I'm being too much of a grinch, surely. But what about this:
Hickey was mystified by one experience.

"I had a water bottle with this much water in it, that I was going to drink," he said, indicating a small amount.

"At zero gravity there was nothing in there that you could see. But when gravity came back, it was in there. It had just vaporized or something."
Now, the article doesn't say what Hickey teaches. Possibly it's not science, but if so, why was he even on this flight? Does he really think that water vaporizes in zero gravity? (I mean, more so than normal.)

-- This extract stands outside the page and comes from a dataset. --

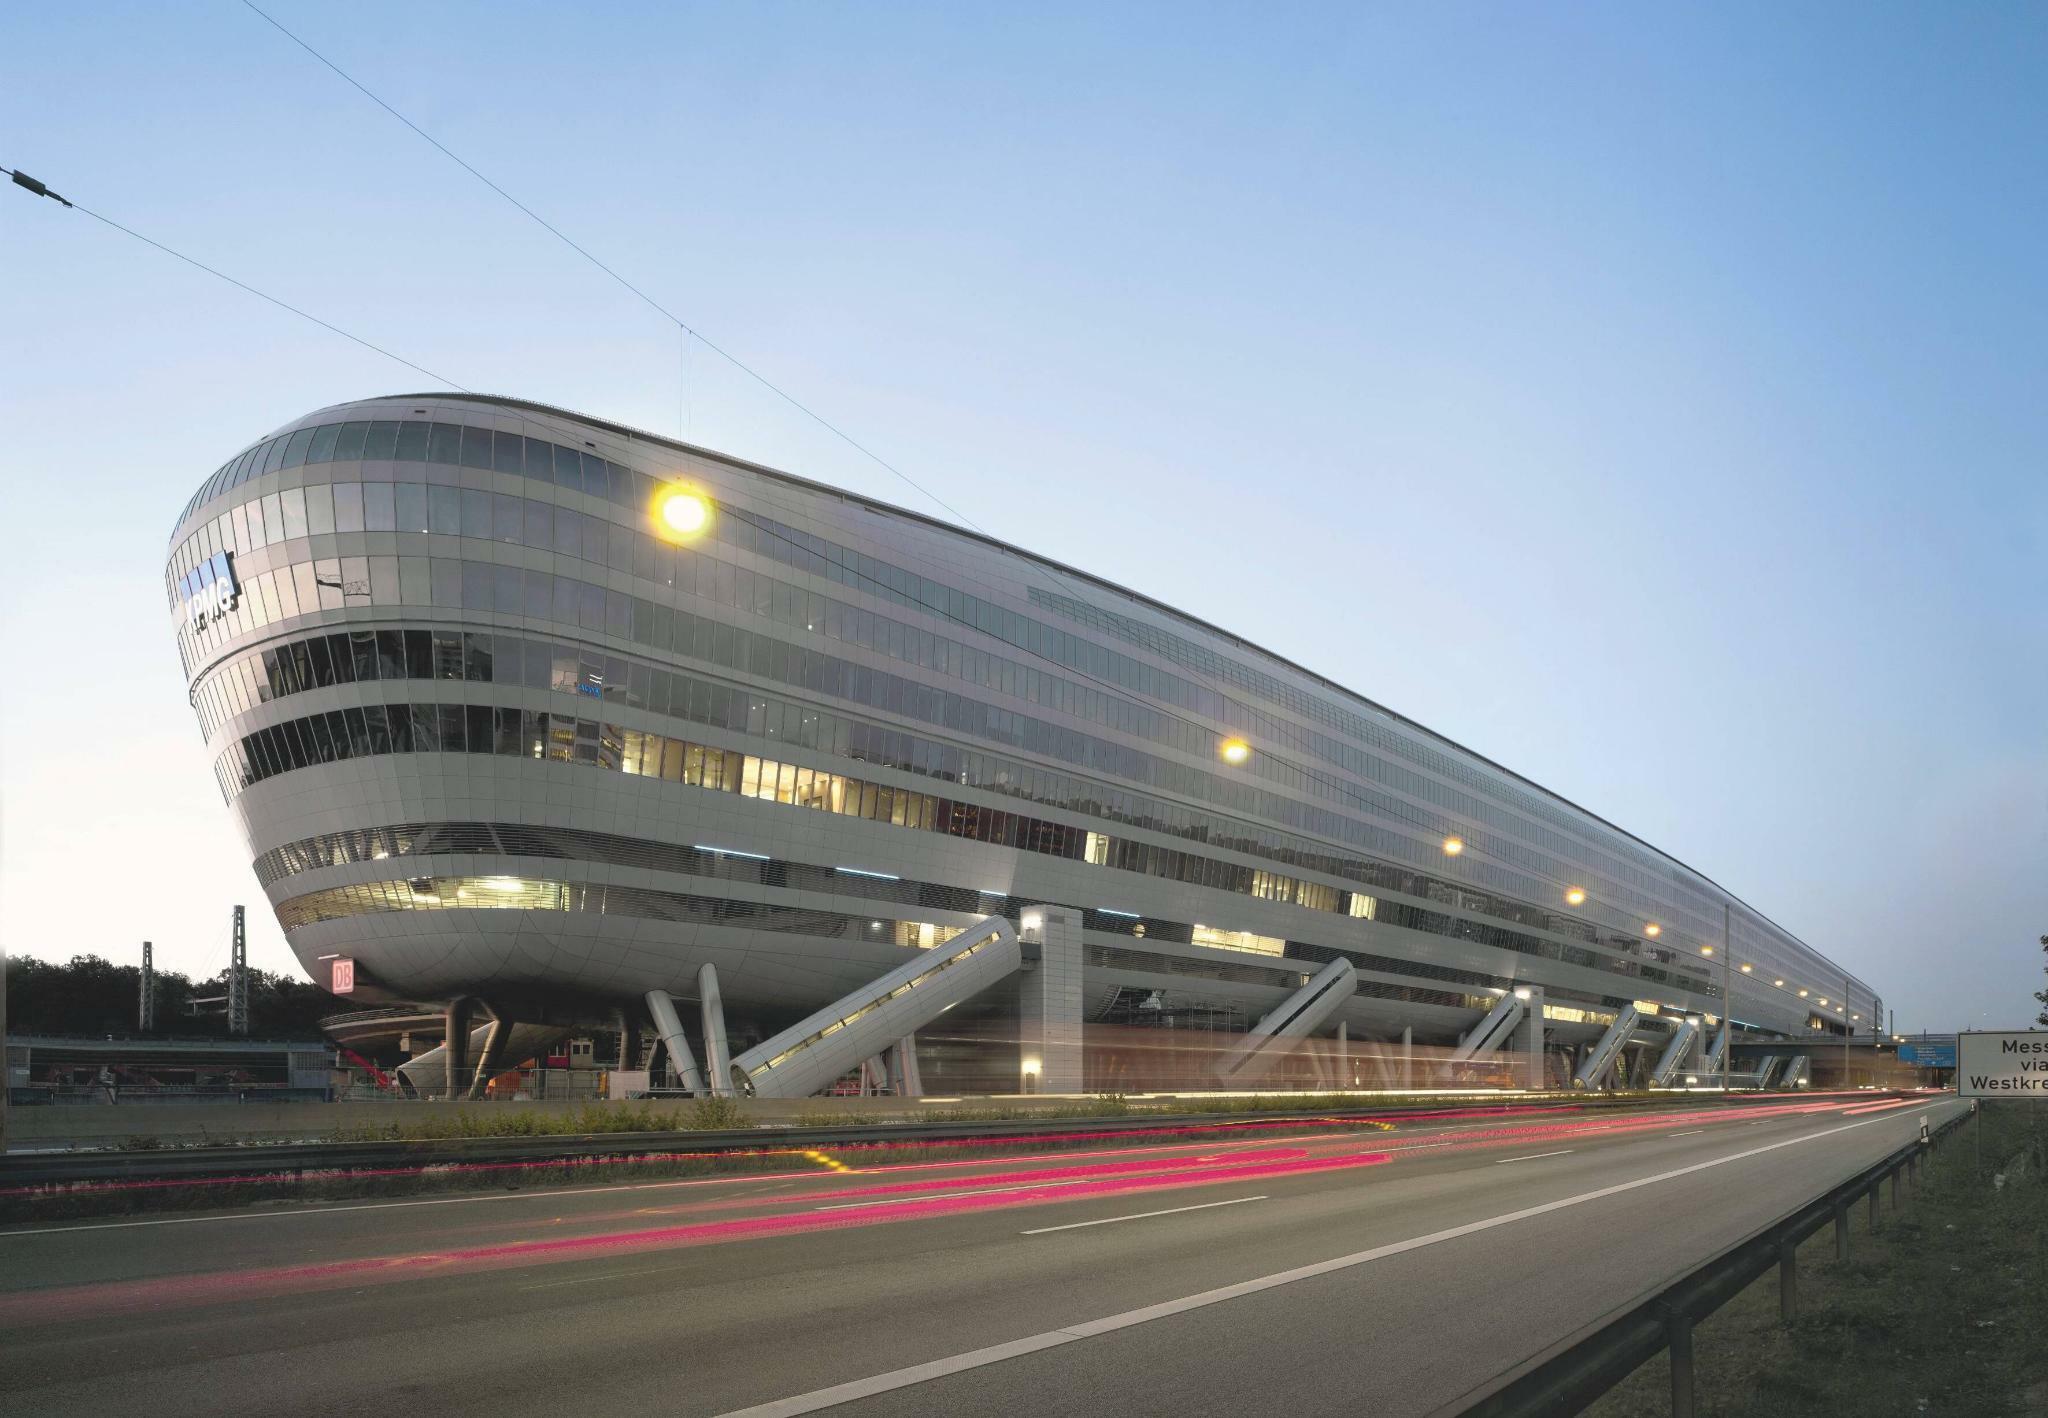 Frankfurter Immobilie Squaire für 940 Millionen Euro verkauft

I'm just a middle-aged liberal arts major, so let's see if I can get it right. We're told that there isn't very much water in the bottle. I'm going to assume that magic doesn't happen and that, since the water "reappeared" in the bottle, that it never actually left. Theory: Under simulated zero g surface tension causes the water to spread out and coat the inside of the bottle fairly uniformly, making it difficult to distinguish from the sides of the bottle. A simple experiment -- swinging the bottle around to generate a little centrifugal force -- would cause the water to pool at one end, if that is the case.

Do either of my readers know enough science to tell me if I'm right?

If the point of this trip was to inspire a little scientific curiosity, looks like it failed, both with Mr Hickey and with Reuters, who thought they were cleverly reporting the lack of same in one teacher, but who failed to provide any answer to the question themselves.